Expenses           $  500        $  500
Net Income        $(100)        $  200

Gee, that doesn't look too bad.  By period 2 he would recoup his loss and be back in the black.  So, what would the proforma cash flow statement look like?

                            Period 1    Period 2
  Net Income          (100)            200
  Inventories            300                0
Cash from Ops    $  200        $   200

Previous Period             0            200
Change                      200            200
Cash on Hand        $  200        $  400

Because the new inventories are cheaper to produce at the new prices, the widget maker would actually realize a positive cash flow in the first period, the very period where the income statement would show a loss.  Given the dire straights the widget maker was facing, this would seem to be all good news.  So, why wouldn't the widget maker sell existing inventories and get on with the business of making widgets?

There is only one reason.  Given his own time preferences, for some reason the widget maker believes that, sometime in the future, he will be able to sell existing inventories for a greater profit than if he sold them immediately.

Hopefully, by now, you've realized that the widget maker's dilemma is not-so-hypothetical.  Here are two recent headlines:

Toyota, Honda Slash Global Production as Recession Cuts Demand

January auto sales expected to drop 30%

And, here are some photos the Guardian published last week of auto inventories piling up at the ports and other lots:

Keep in mind that those photos are not of “assets”, but of liabilities.  Every day those vehicles spend in those lots the manufacturers are paying to store and insure them.  Every day those cars go unsold, interest is mounting on any loans outstanding.  Administrative costs are increasing in a period where workers on the line are being laid off, and auto makers are begging their governments for bridge loans.

Perusing the CPI data from December 2008, we see that car and truck prices dropped 5.7% in the last quarter of 2008, compared to a 12.7% decrease in all goods (led and distorted, of course, by the drop in gas prices).  Cars, trucks, and civilian airplane prices are up on the Producer Price Index even while almost all other finished goods are down dramatically, and intermediate and crude goods prices have fallen off a cliff.

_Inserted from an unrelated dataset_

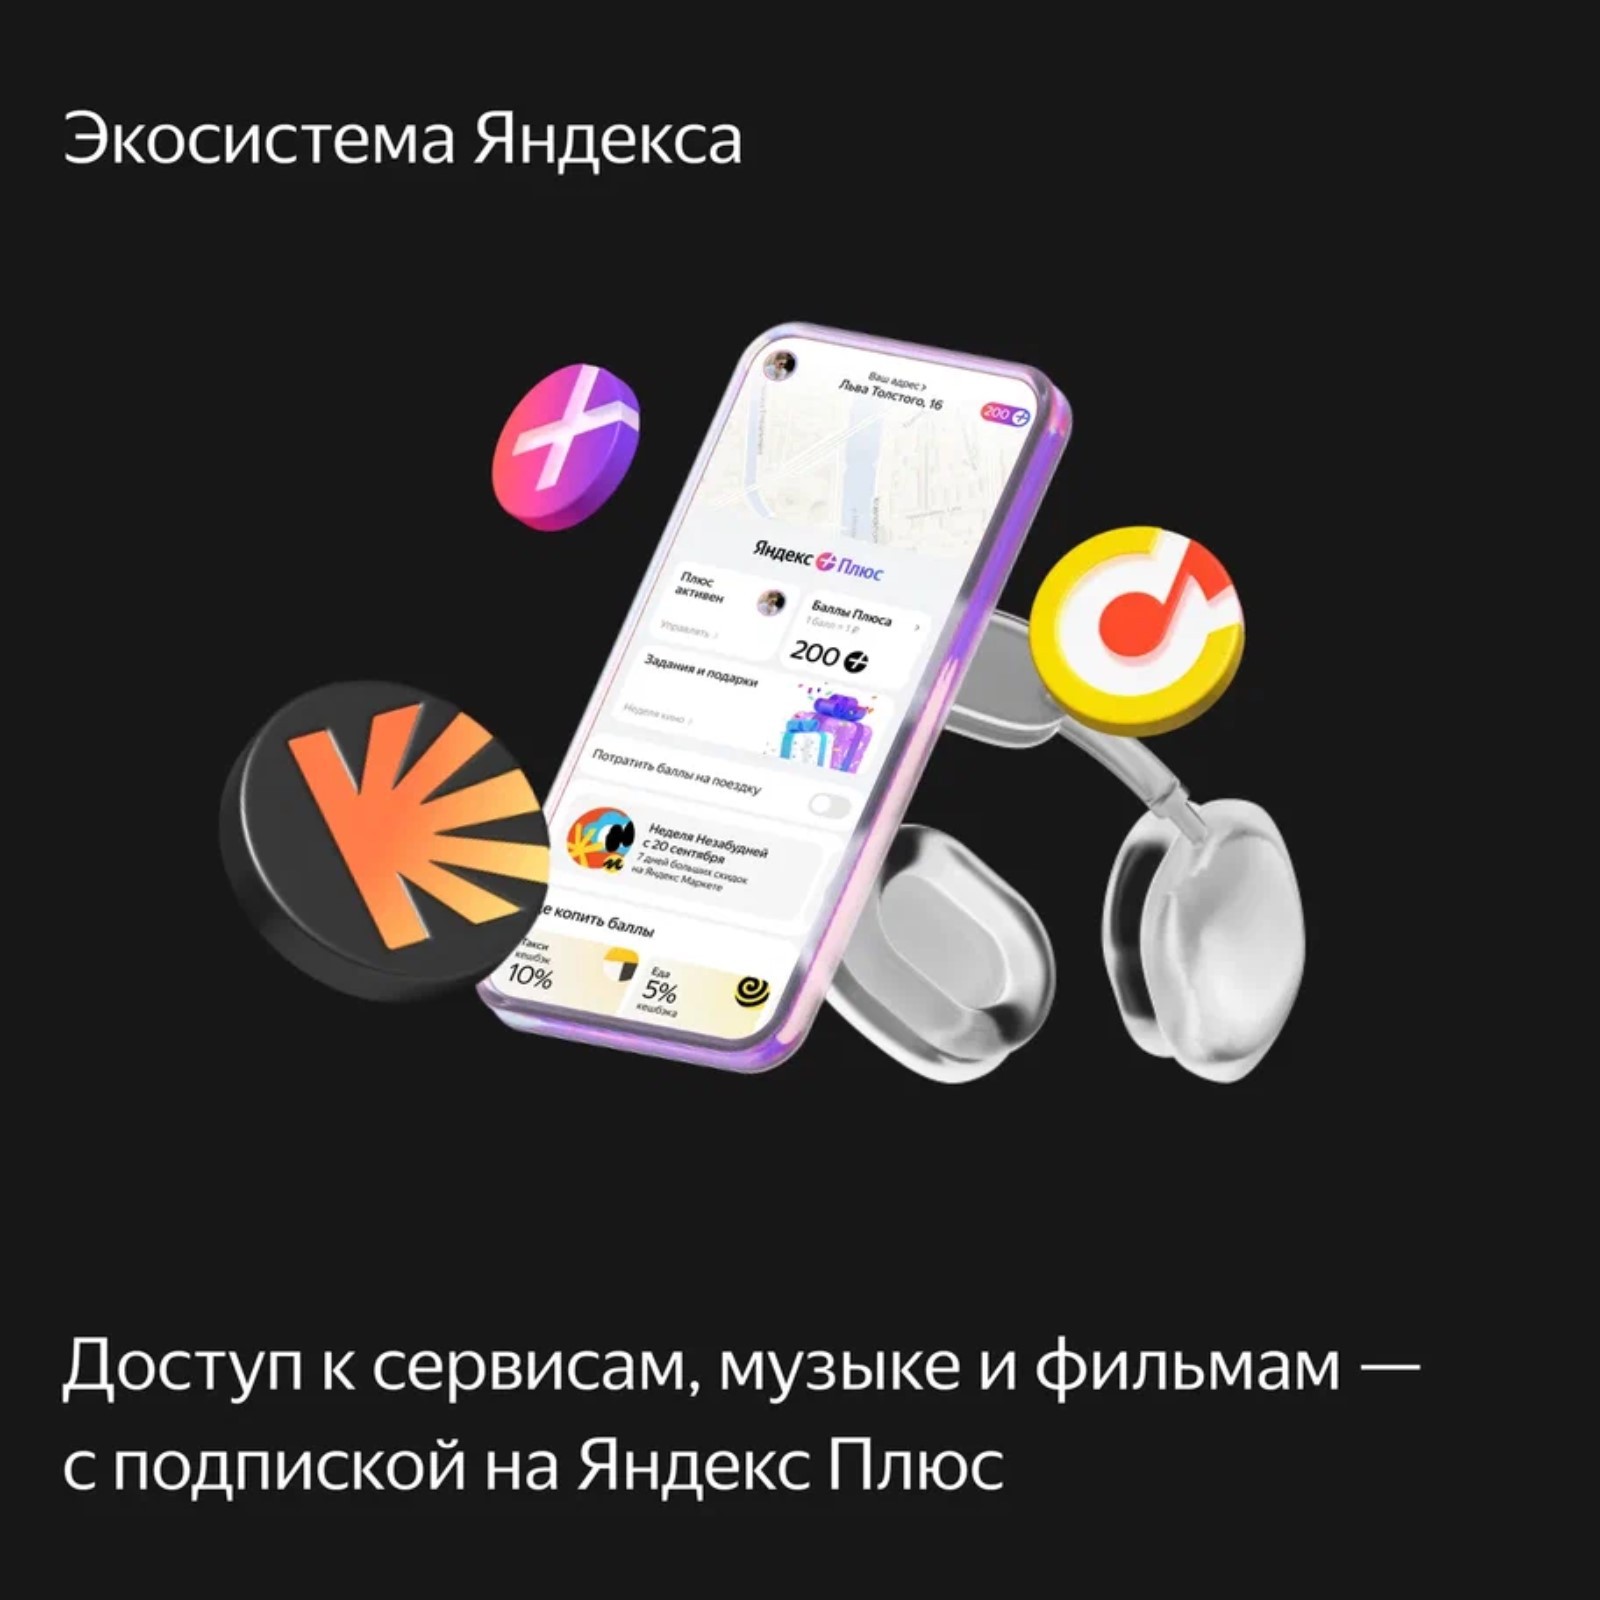 Доступ к сервисам, музыке и фильмам с подпиской на Яндекс Плюс

Meanwhile, the automakers who begged President Bush for bridge loans have until March to show some progress.  At the time the loans were made, everyone merely assumed that the automakers would be back to Washington panhandling in March.

So, rolling it all up, the bottom line is the price of cars and trucks is increasing compared to all other goods even as inventories pile up in lots, production costs are down, and at least a couple auto manufacturers have a very short time horizon.  Given all that, why won't the automakers drop their prices, liquidate current inventories, and get back to the business of making cars like our widget maker?

There can be only one reason.  Automakers, for some reason, believe that they will be able to sell those inventories in the future at a greater profit than they can by selling them immediately.  That's quite a belief, given the current state of world economies and the very short time preferences they have right now.

In other words, the automakers have reason to believe that the deflation of current prices will not last very long.  In fact, they're making bets based on an expectation of very rapid price inflation, very soon.

Remember that driver's ed film we had to watch, Highways of Agony?

1 Comments in Response to

Comment by Powell Gammill
Entered on:

Because the federal bailouts are holding off a fire sale.